Hi,
I'm trying to optimize a loop on C6657 to calculate the absolute difference from two input images. what I got so far is the following:
looking to the asm I see the following:
;* SOFTWARE PIPELINE INFORMATION
;*
;* Loop found in file : ../source/main.cpp
;* Loop source line : 115
;* Loop opening brace source line : 116
;* Loop closing brace source line : 137
;* Loop Unroll Multiple : 2x
;* Known Minimum Trip Count : 512
;* Known Max Trip Count Factor : 16
;* Loop Carried Dependency Bound(^) : 18
;* Unpartitioned Resource Bound : 19
;* Partitioned Resource Bound(*) : 19
;* Resource Partition:
;* A-side B-side
;* .L units 5 3
;* .S units 19* 18
;* .D units 1 3
;* .M units 0 0
;* .X cross paths 8 7
;* .T address paths 2 2
;* Long read paths 0 0
;* Long write paths 0 0
;* Logical ops (.LS) 5 3 (.L or .S unit)
;* Addition ops (.LSD) 4 4 (.L or .S or .D unit)
;* Bound(.L .S .LS) 15 12
;* Bound(.L .S .D .LS .LSD) 12 11
;*
;* Searching for software pipeline schedule at ...

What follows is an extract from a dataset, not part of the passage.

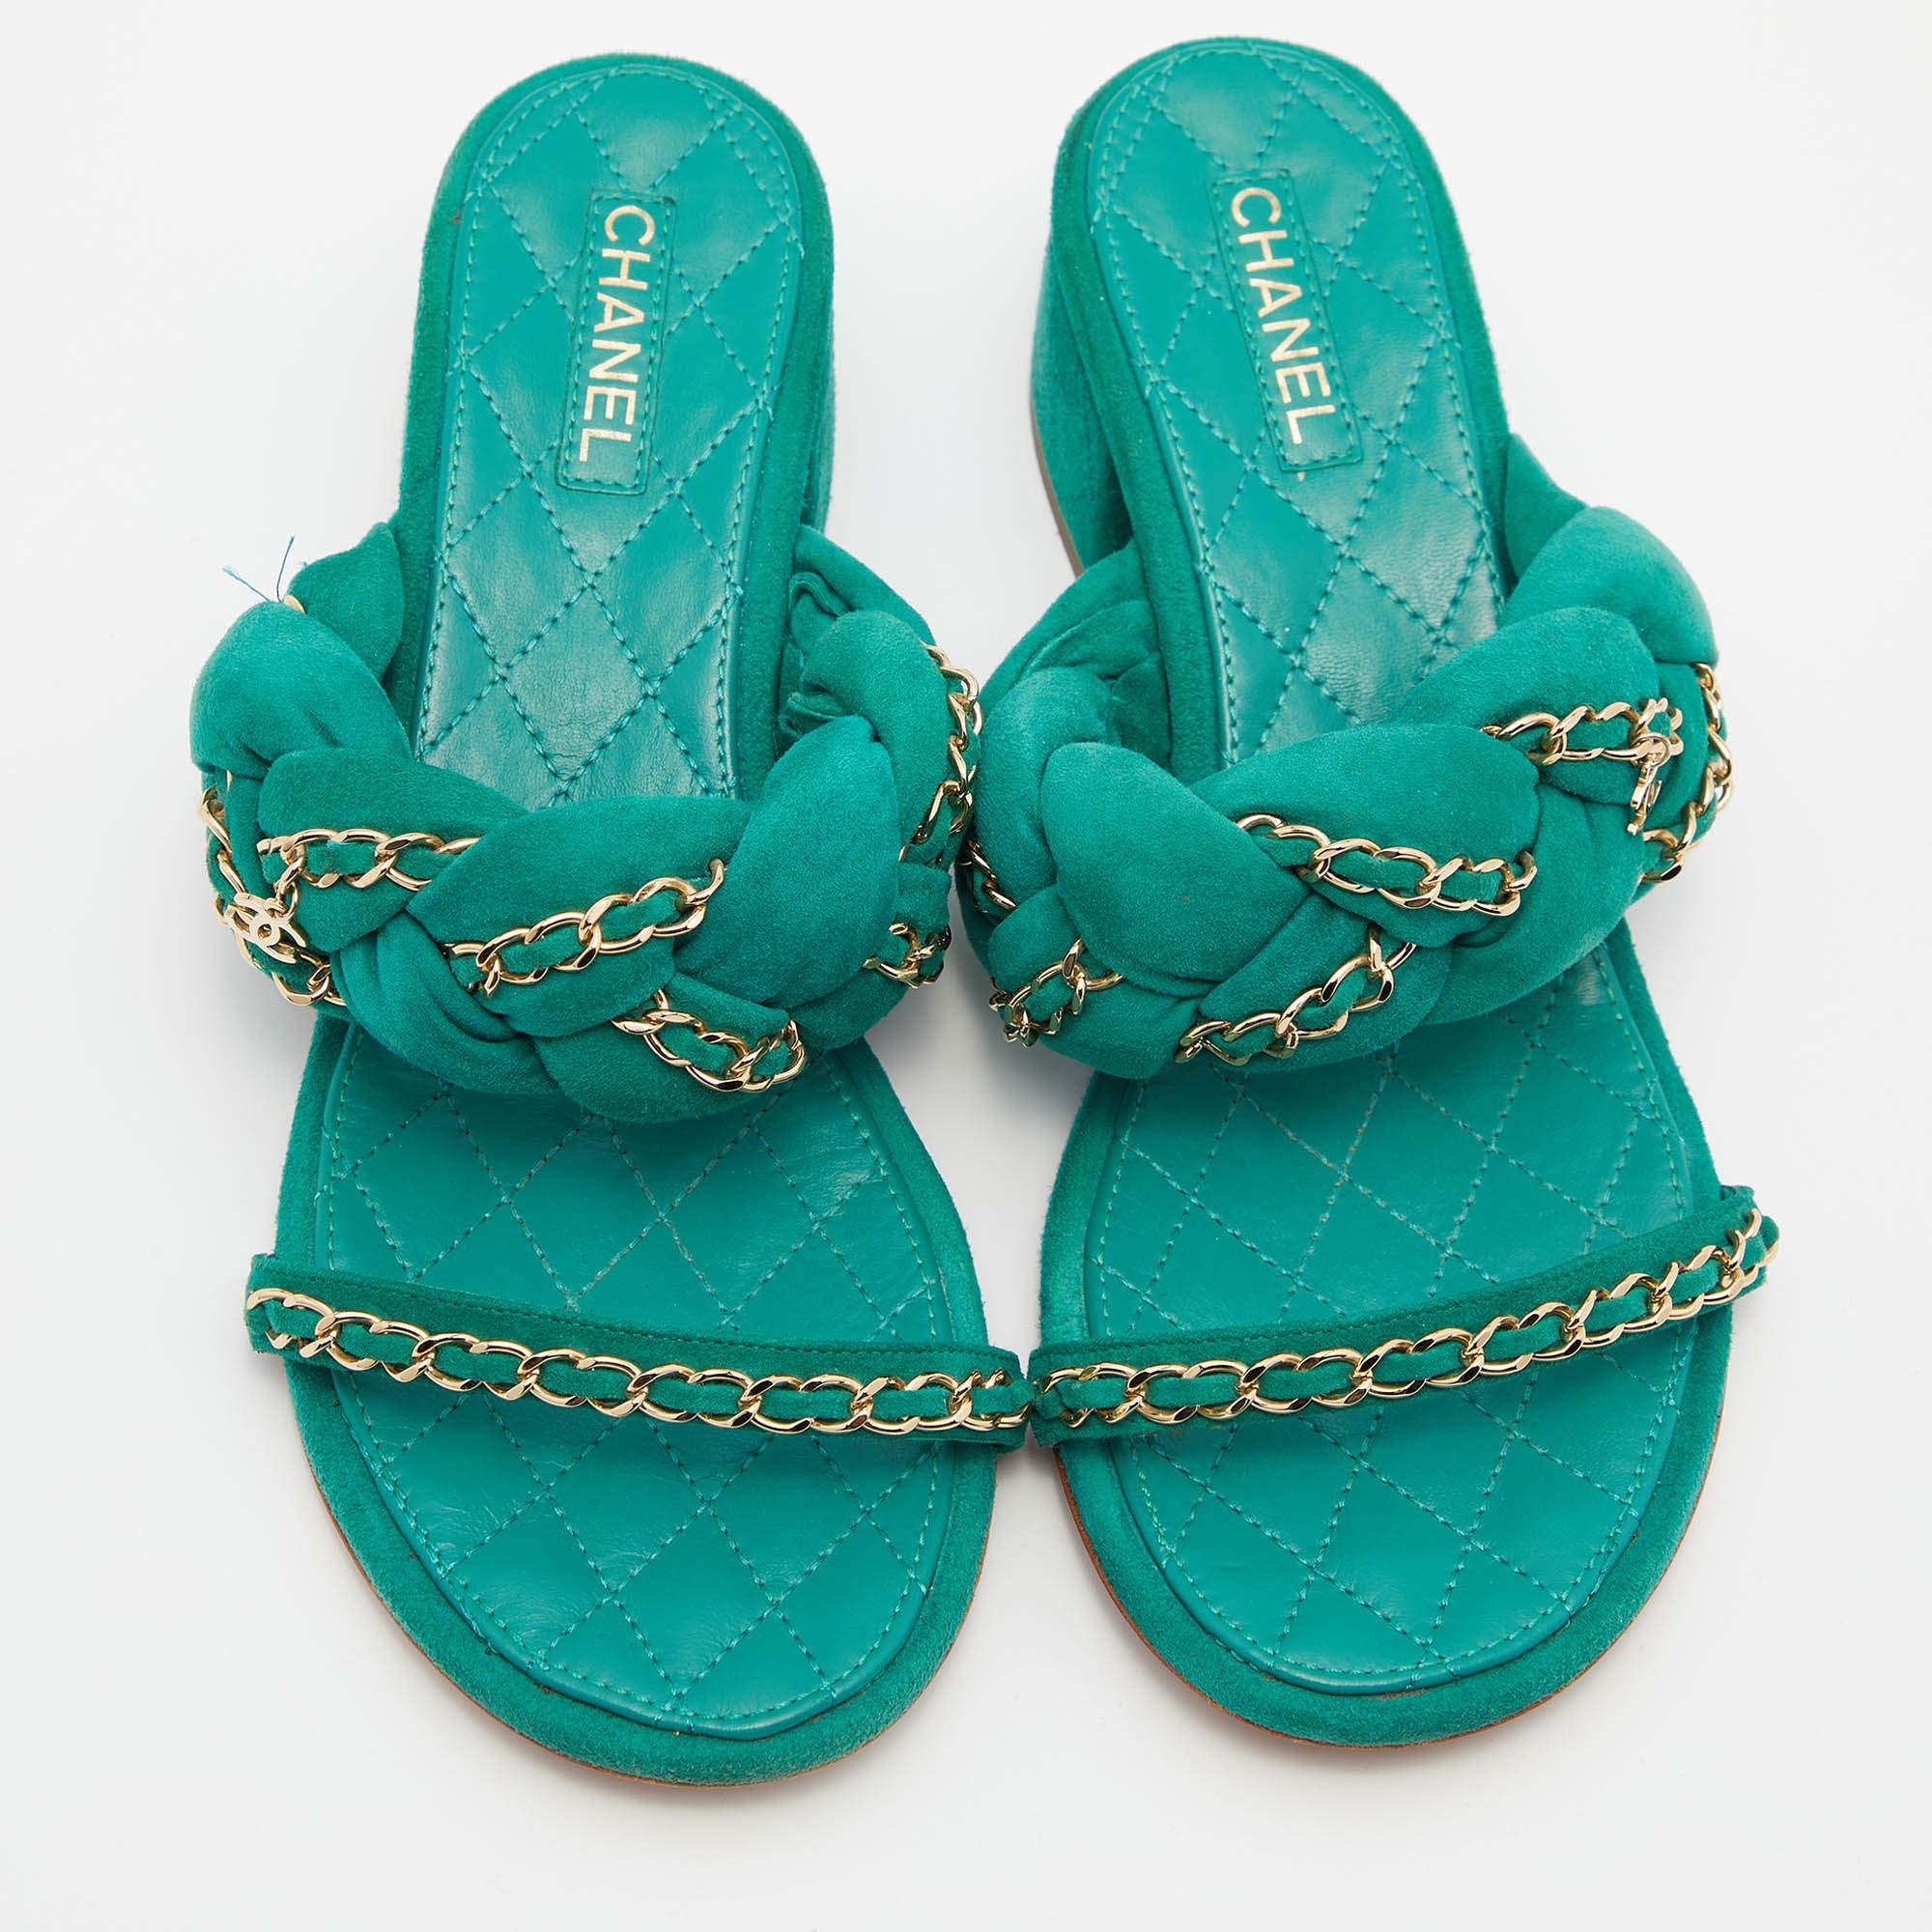 Comfort coupled with fashion creates wonders and these sandals from Chanel are a true example of that. These green sandals are crafted from suede and feature an open-toe silhouette. They flaunt two gold-tone chain embellished straps, one of which

;* ii = 19 Schedule found with 3 iterations in parallel
;*
;* Register Usage Table:
;* +-----------------------------------------------------------------+
;* |AAAAAAAAAAAAAAAAAAAAAAAAAAAAAAAA|BBBBBBBBBBBBBBBBBBBBBBBBBBBBBBBB|
;* |00000000001111111111222222222233|00000000001111111111222222222233|
;* |01234567890123456789012345678901|01234567890123456789012345678901|
;* |--------------------------------+--------------------------------|
;* 0: |* ****** * ** |* ** * * *** |
;* 1: |* *** *** * ** |* * ** * * *** |
;* 2: |* ****** * ** |* * **** * *** |
;* 3: |* **** ** * ** |* ****** * *** |
;* 4: |* ******* * ** |* ***** ***** |
;* 5: |* **** ** * ** |* ****** ***** |
;* 6: |* **** * * ** |* ****** * *** |
;* 7: |* ****** * * |* ****** * *** |
;* 8: |* ****** * * |* ****** * *** |
;* 9: |* * ** * * ** |* ***** * *** |
;* 10: |* **** ** |* ***** * *** |
;* 11: |* * **** ** |* ***** *** |
;* 12: |* ***** ** |* ***** *** |
;* 13: |* ***** ** |* ****** *** |
;* 14: |* ****** ** |* ***** *** |
;* 15: |* ****** ** |* ***** *** |
;* 16: |* ***** ** |* *** ** *** |
;* 17: |* ***** ** |* *** * *** |
;* 18: |* * * * **** |* **** * *** |
;* +-----------------------------------------------------------------+
;*
;* Done
;*
;* Epilog not removed
;* Collapsed epilog stages : 0
;* Collapsed prolog stages : 2
;* Minimum required memory pad : 0 bytes
;*
;* For further improvement on this loop, try option -mh16
;*
;* Minimum safe trip count : 2 (after unrolling)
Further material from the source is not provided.